> _Task brief_: At the line with "6-TA008 Irish Crochet Lace Book No. 132", start transcribing; stop after the last line of the data below. Keep it exact and leave pictures out.

> _Given material_:
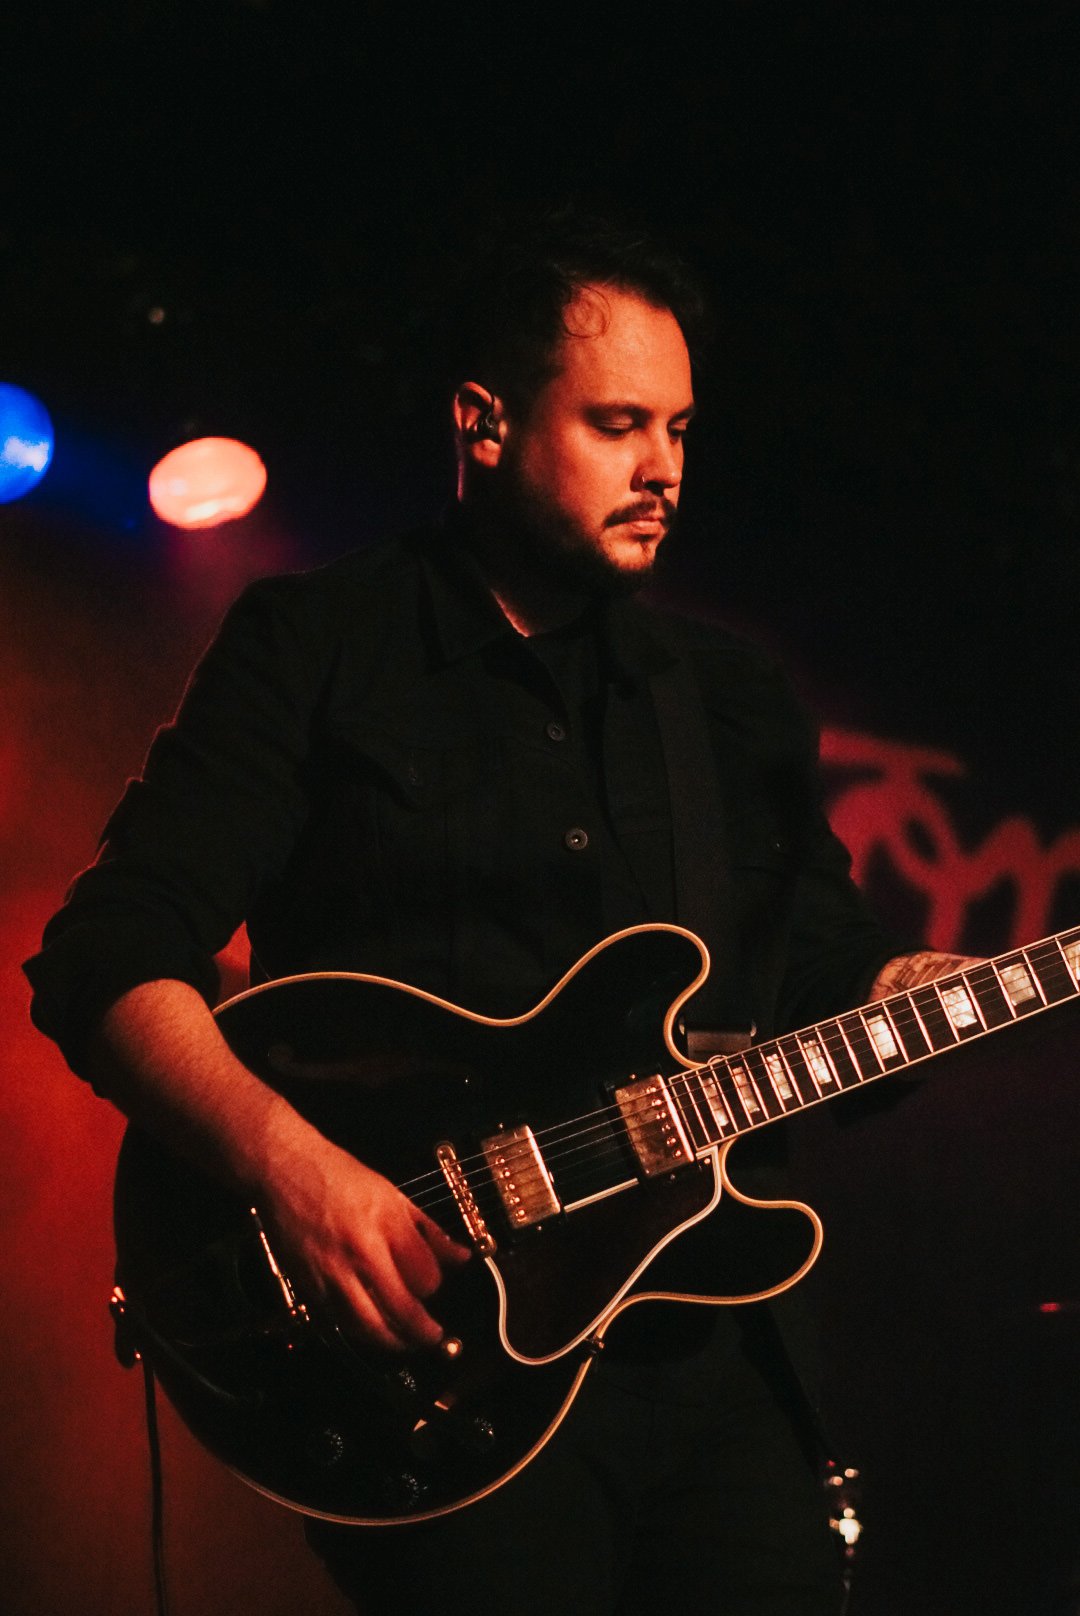  Guitarist of BANNERS performs at Antone’s Nightclub. 
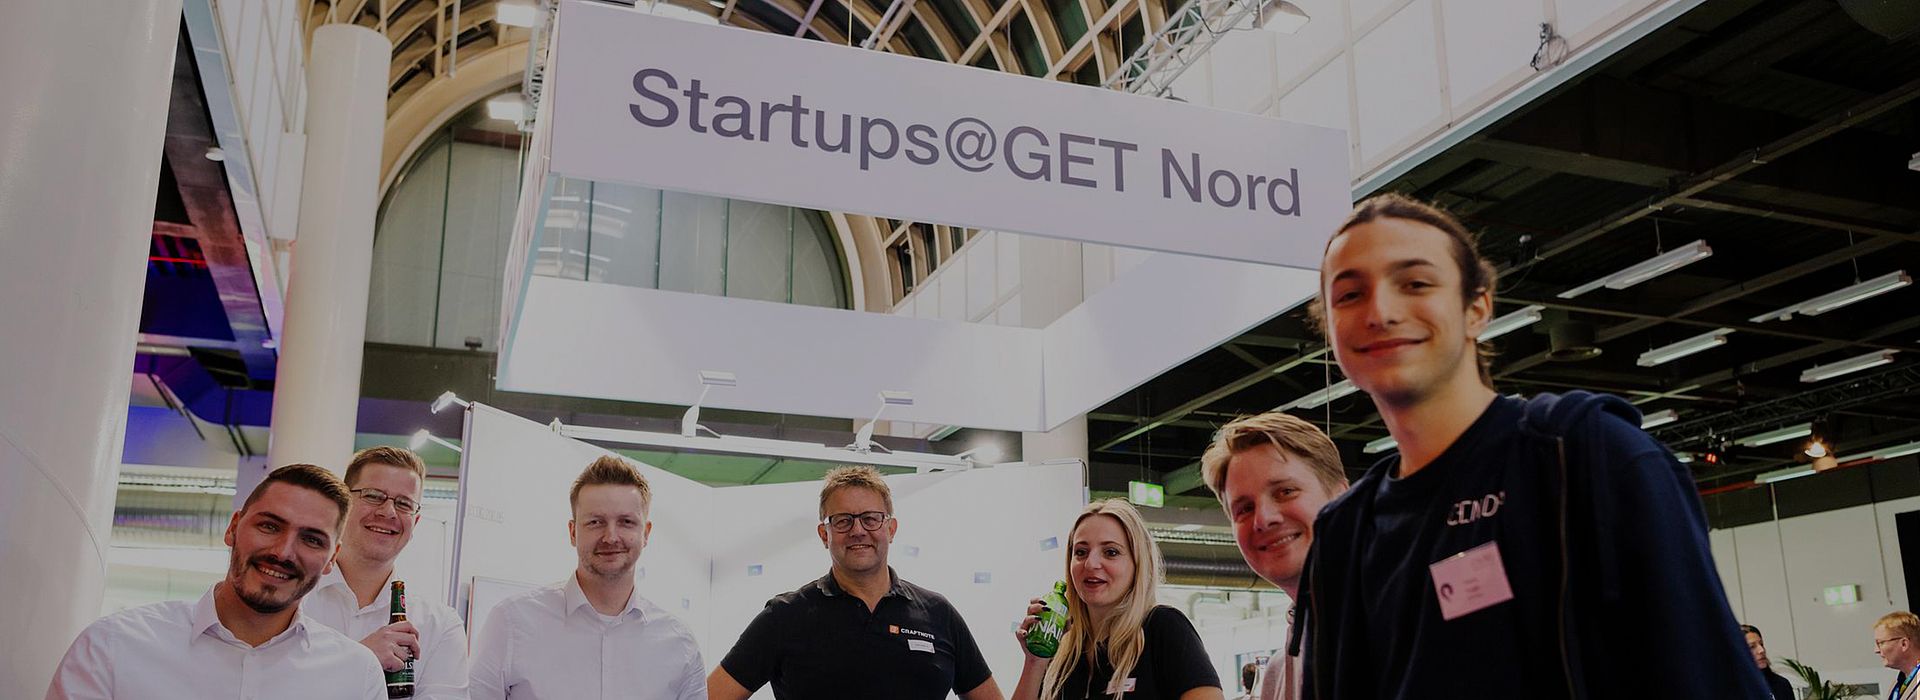 Startup@GET Nord
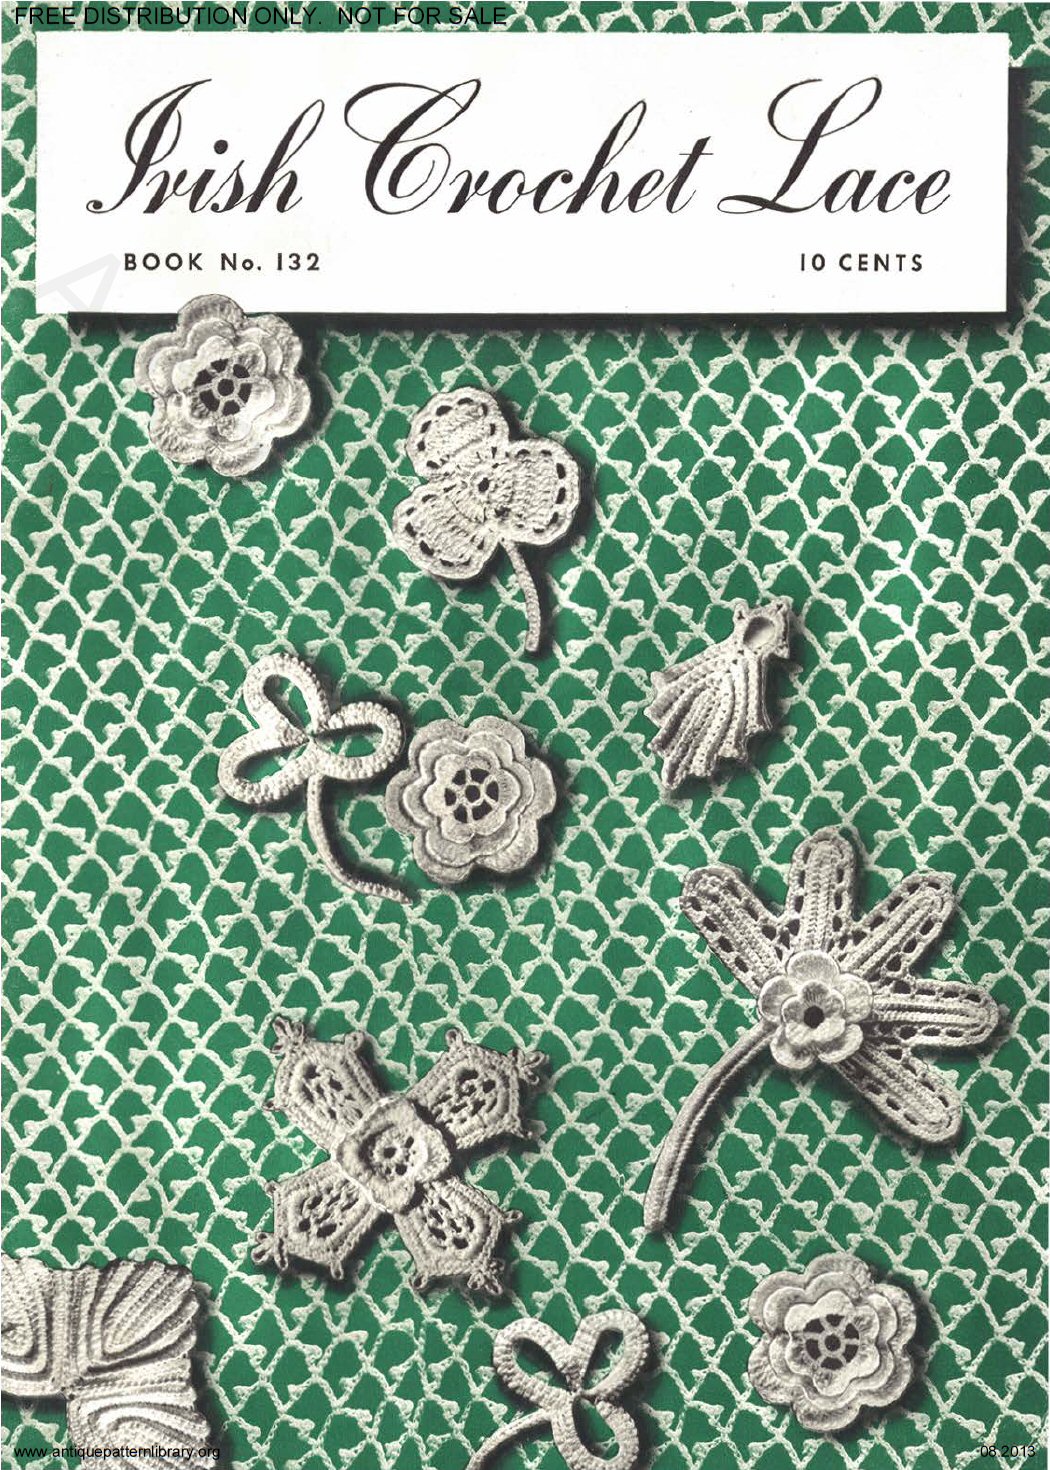 6-TA008 Irish Crochet Lace Book No. 132
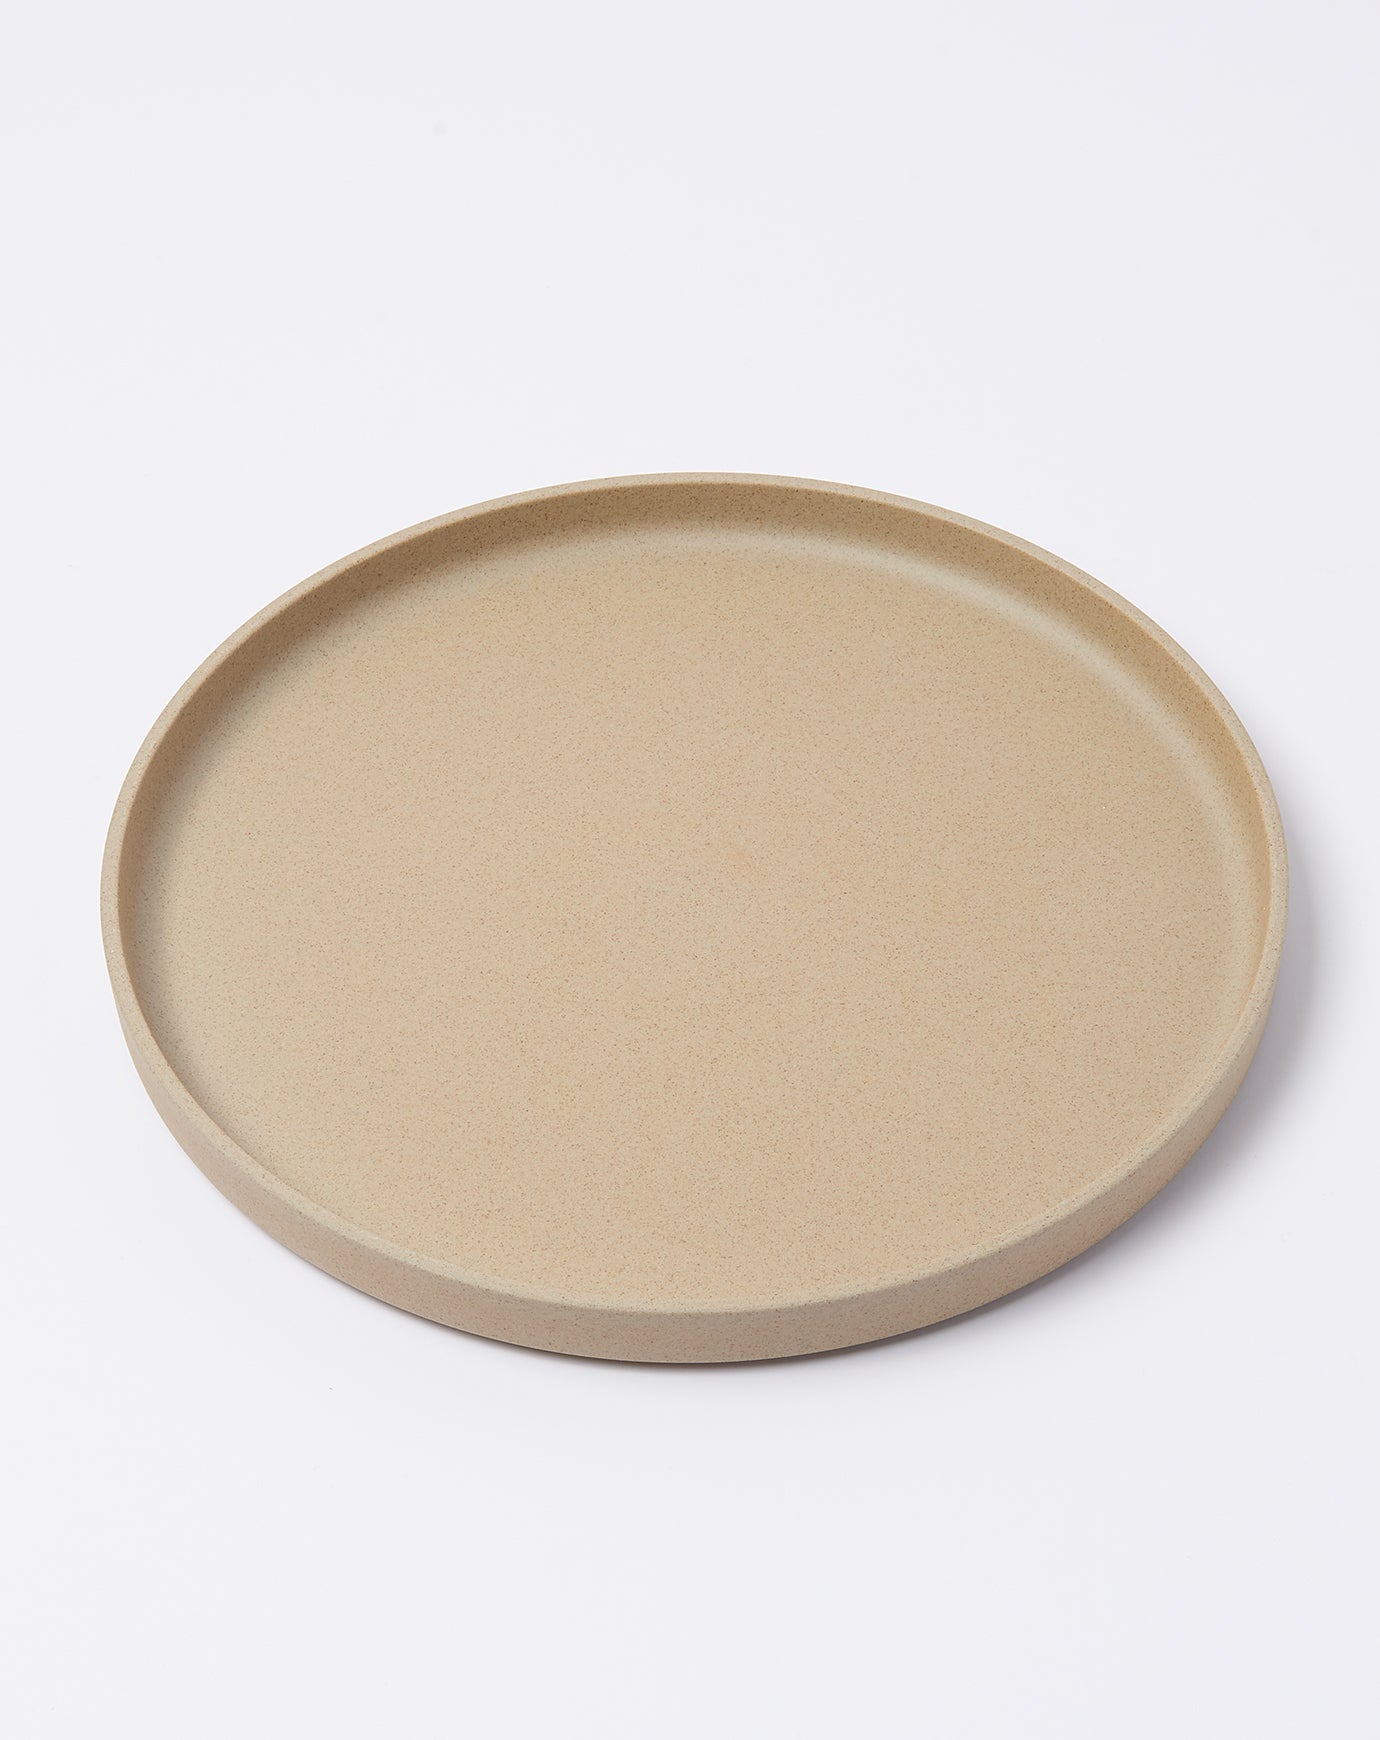 Hasami Porcelain Large Plate in Natural

> _Written answer_:
 6-TA008 Irish Crochet Lace Book No. 132
 Hasami Porcelain Large Plate in Natural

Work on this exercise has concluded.